___ Given data
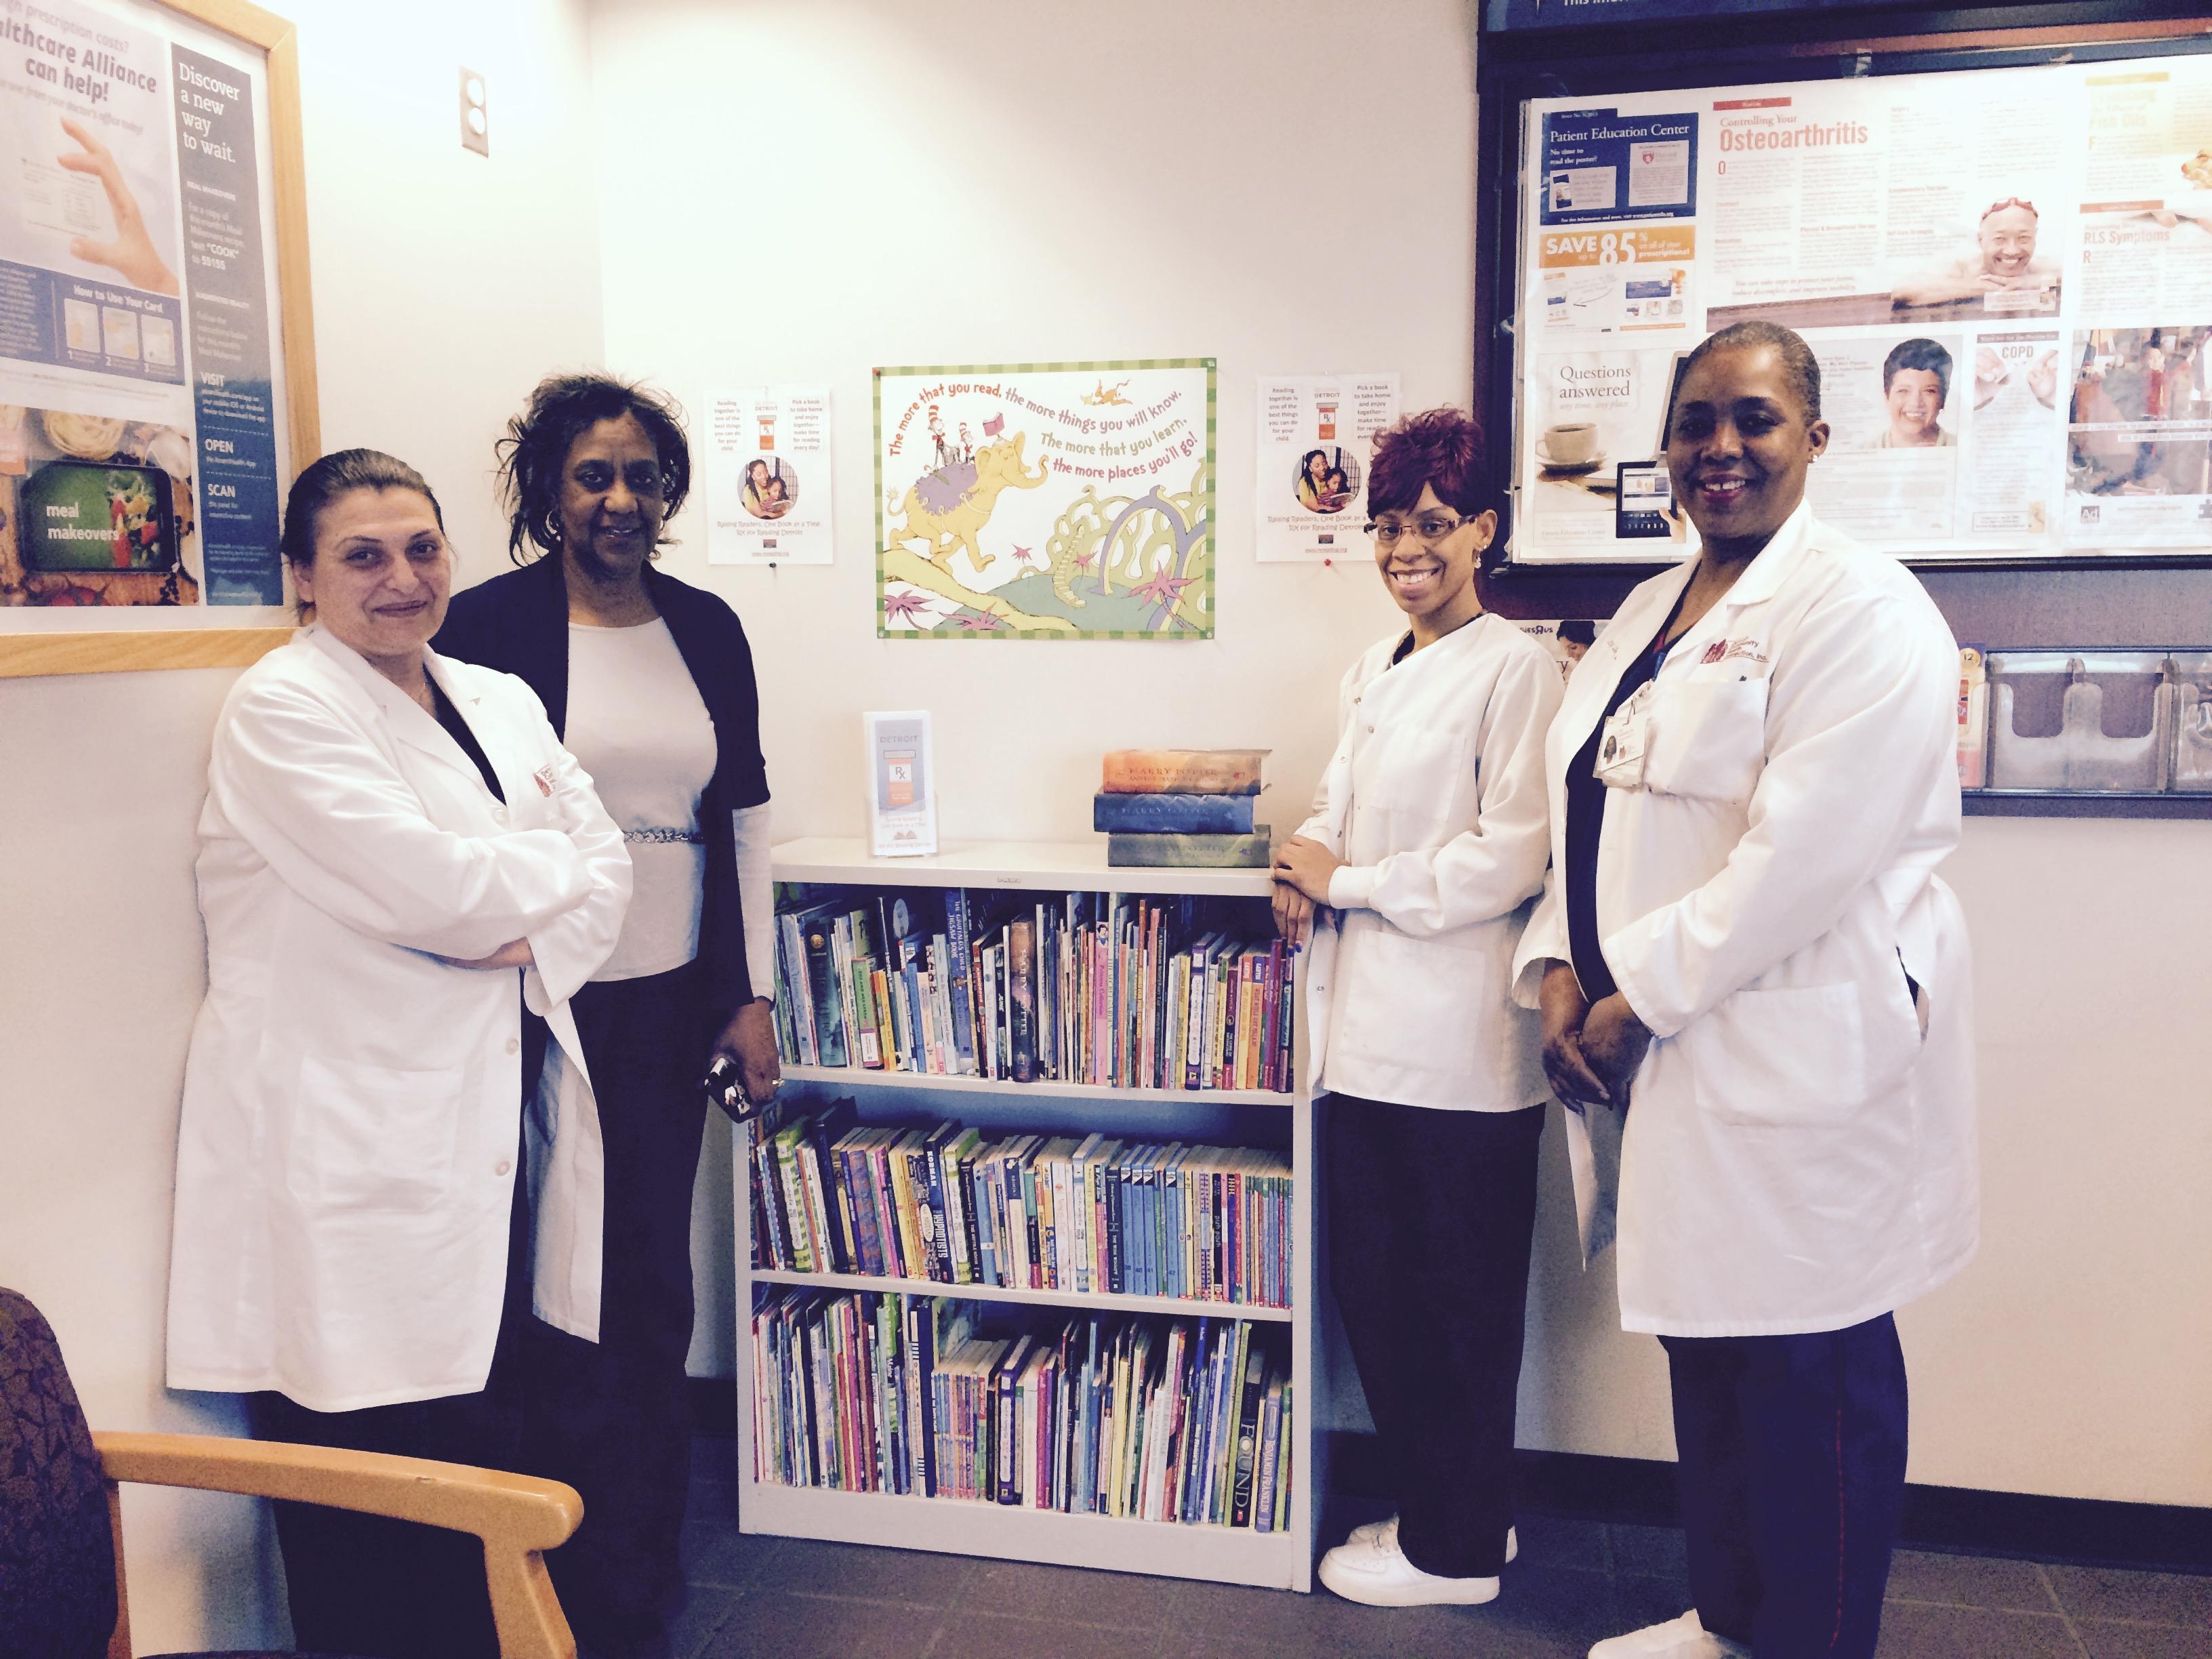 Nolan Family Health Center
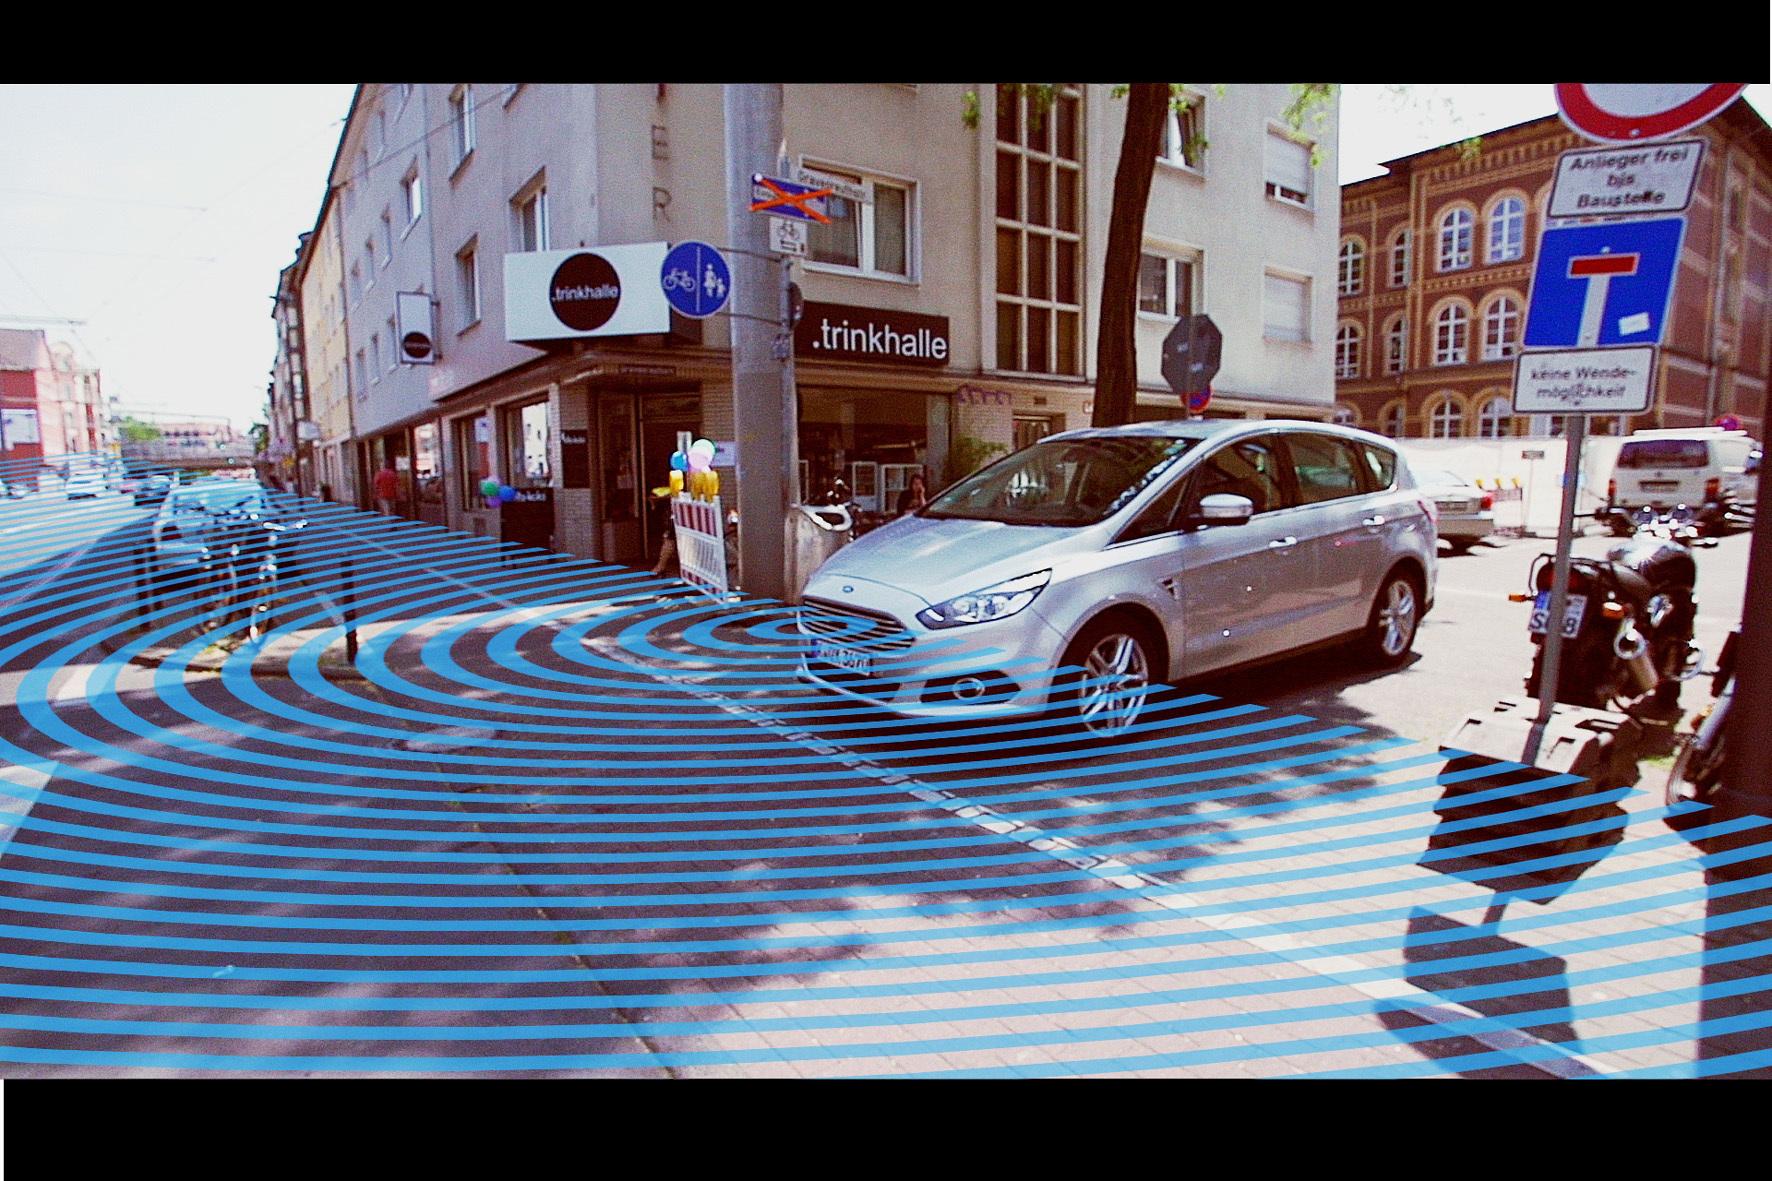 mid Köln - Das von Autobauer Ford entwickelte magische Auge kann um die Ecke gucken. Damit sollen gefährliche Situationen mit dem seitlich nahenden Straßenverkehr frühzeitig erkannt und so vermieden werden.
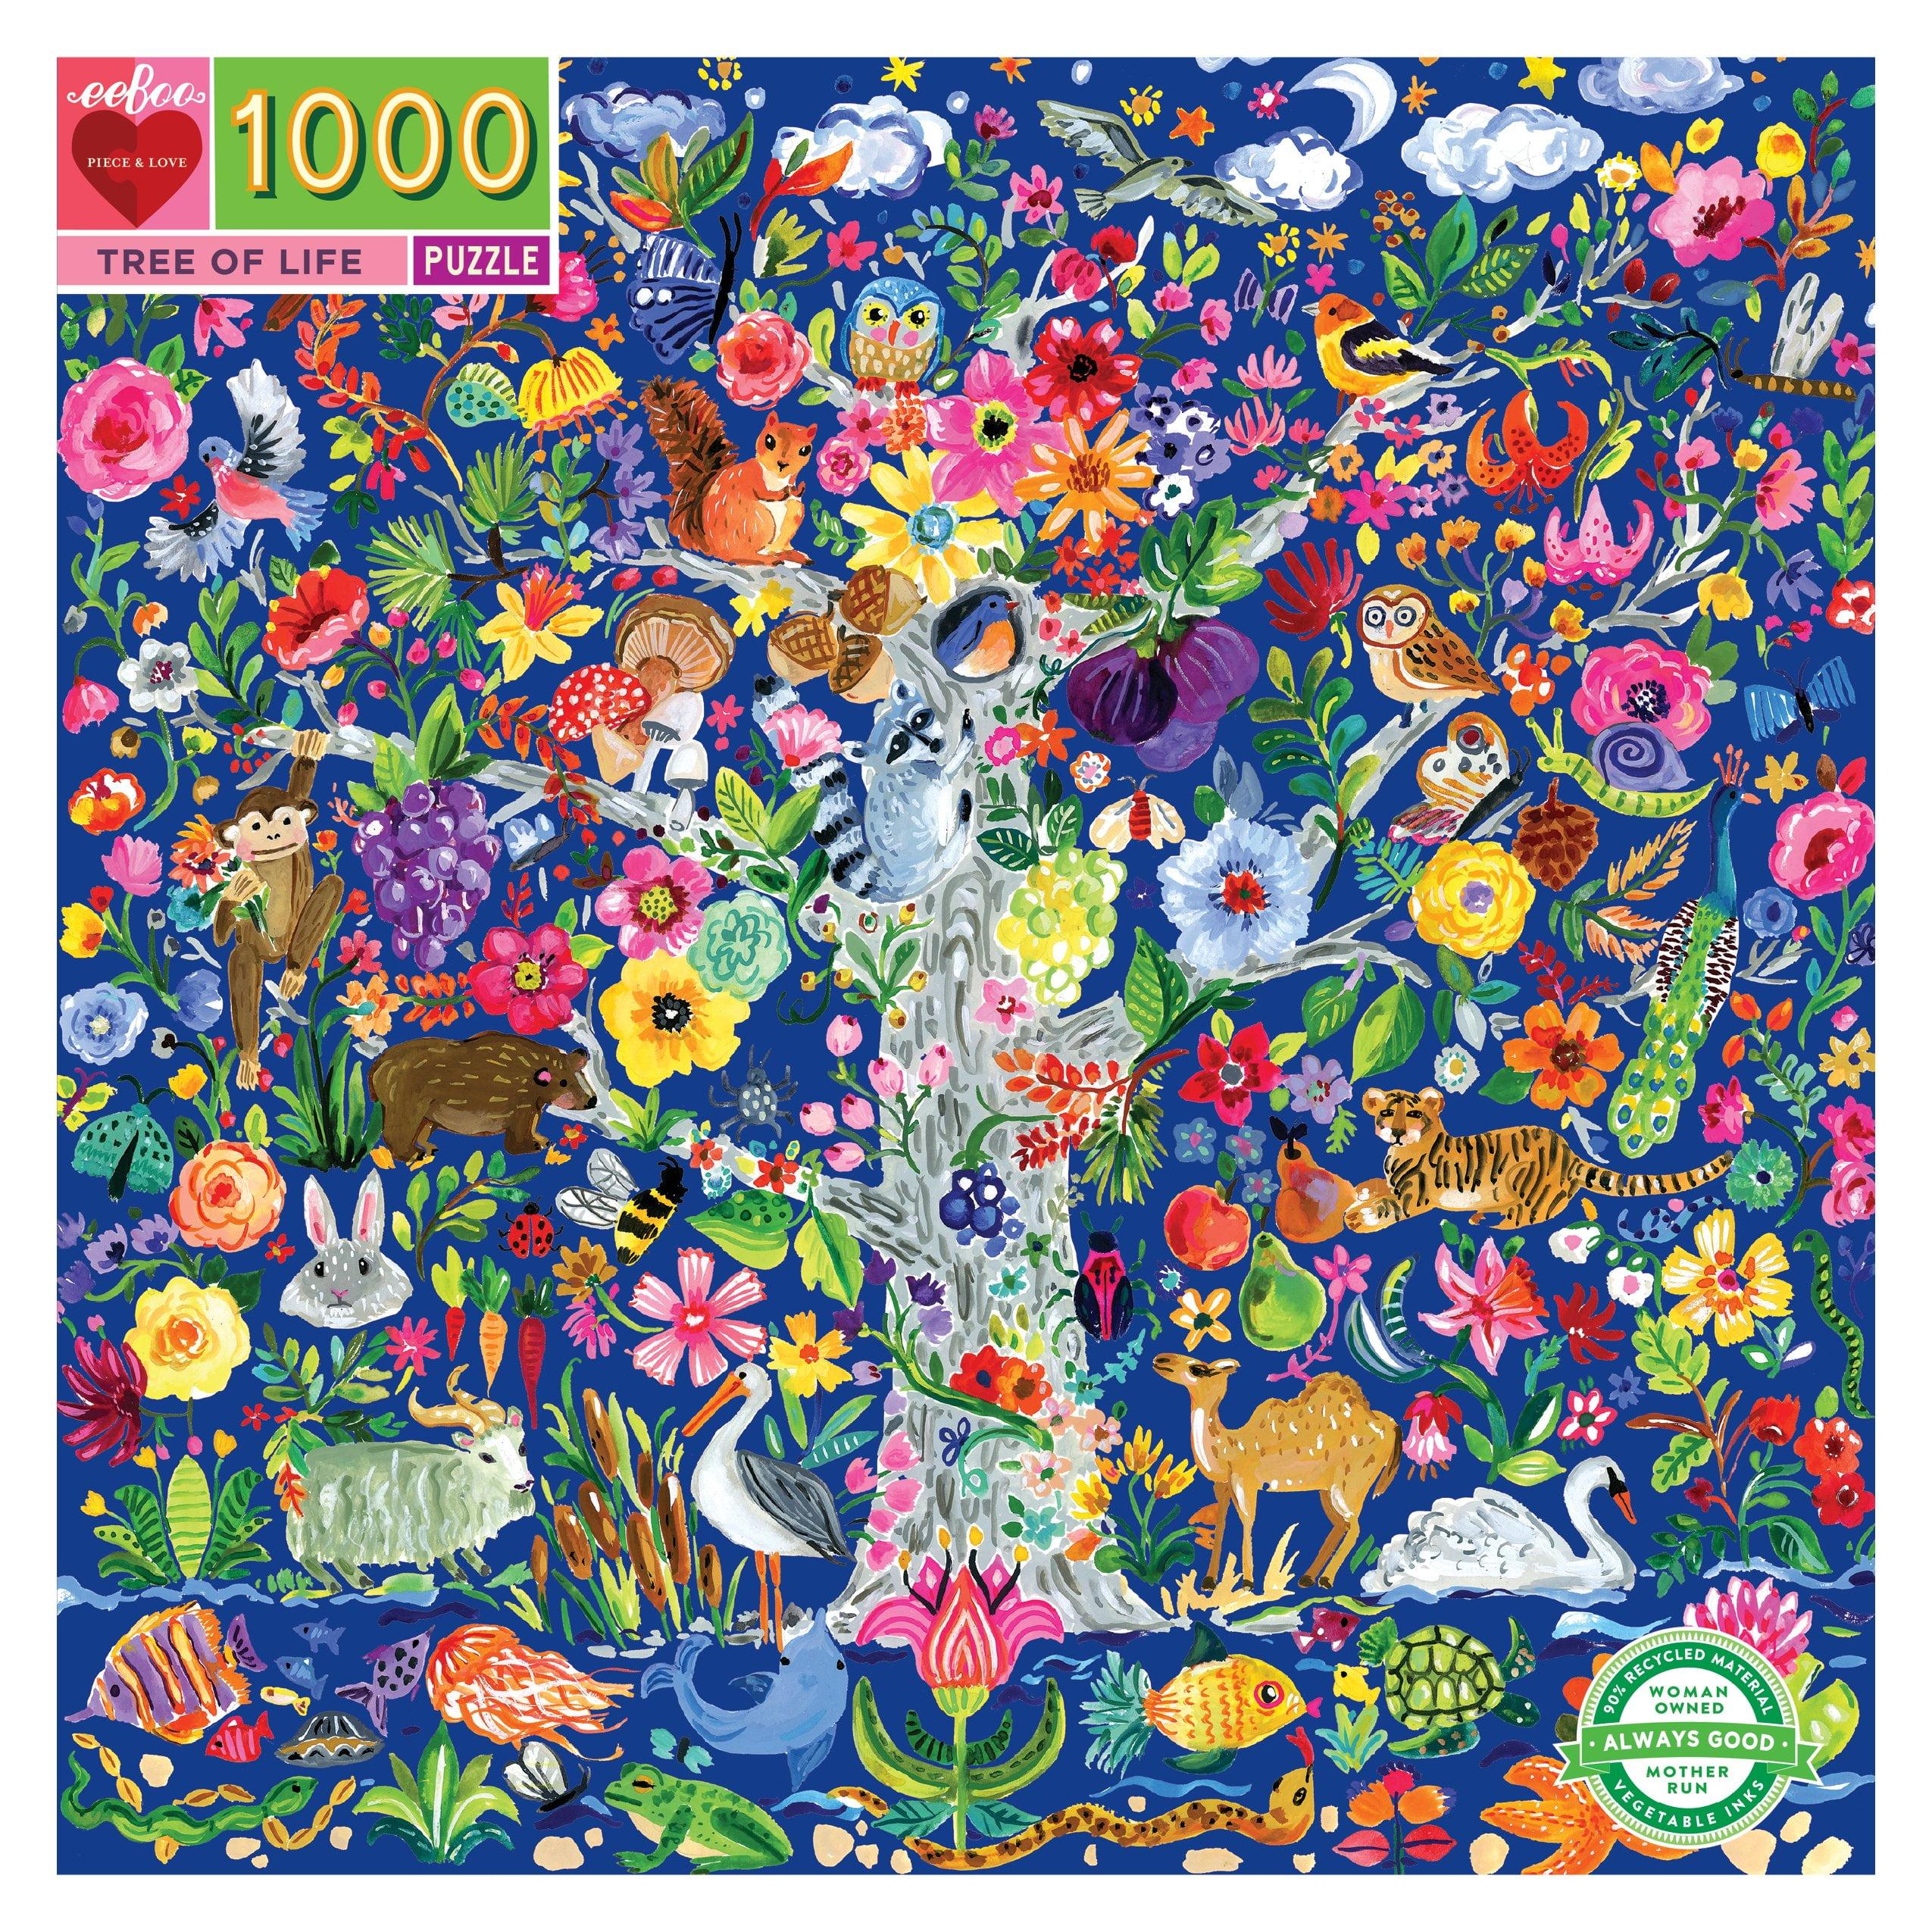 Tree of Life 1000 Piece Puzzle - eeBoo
______
▸ To do
Skipping the images, write out the whole listing exactly.

▸ Response for this exercise
 Nolan Family Health Center
 mid Köln - Das von Autobauer Ford entwickelte magische Auge kann um die Ecke gucken. Damit sollen gefährliche Situationen mit dem seitlich nahenden Straßenverkehr frühzeitig erkannt und so vermieden werden.
 Tree of Life 1000 Piece Puzzle - eeBoo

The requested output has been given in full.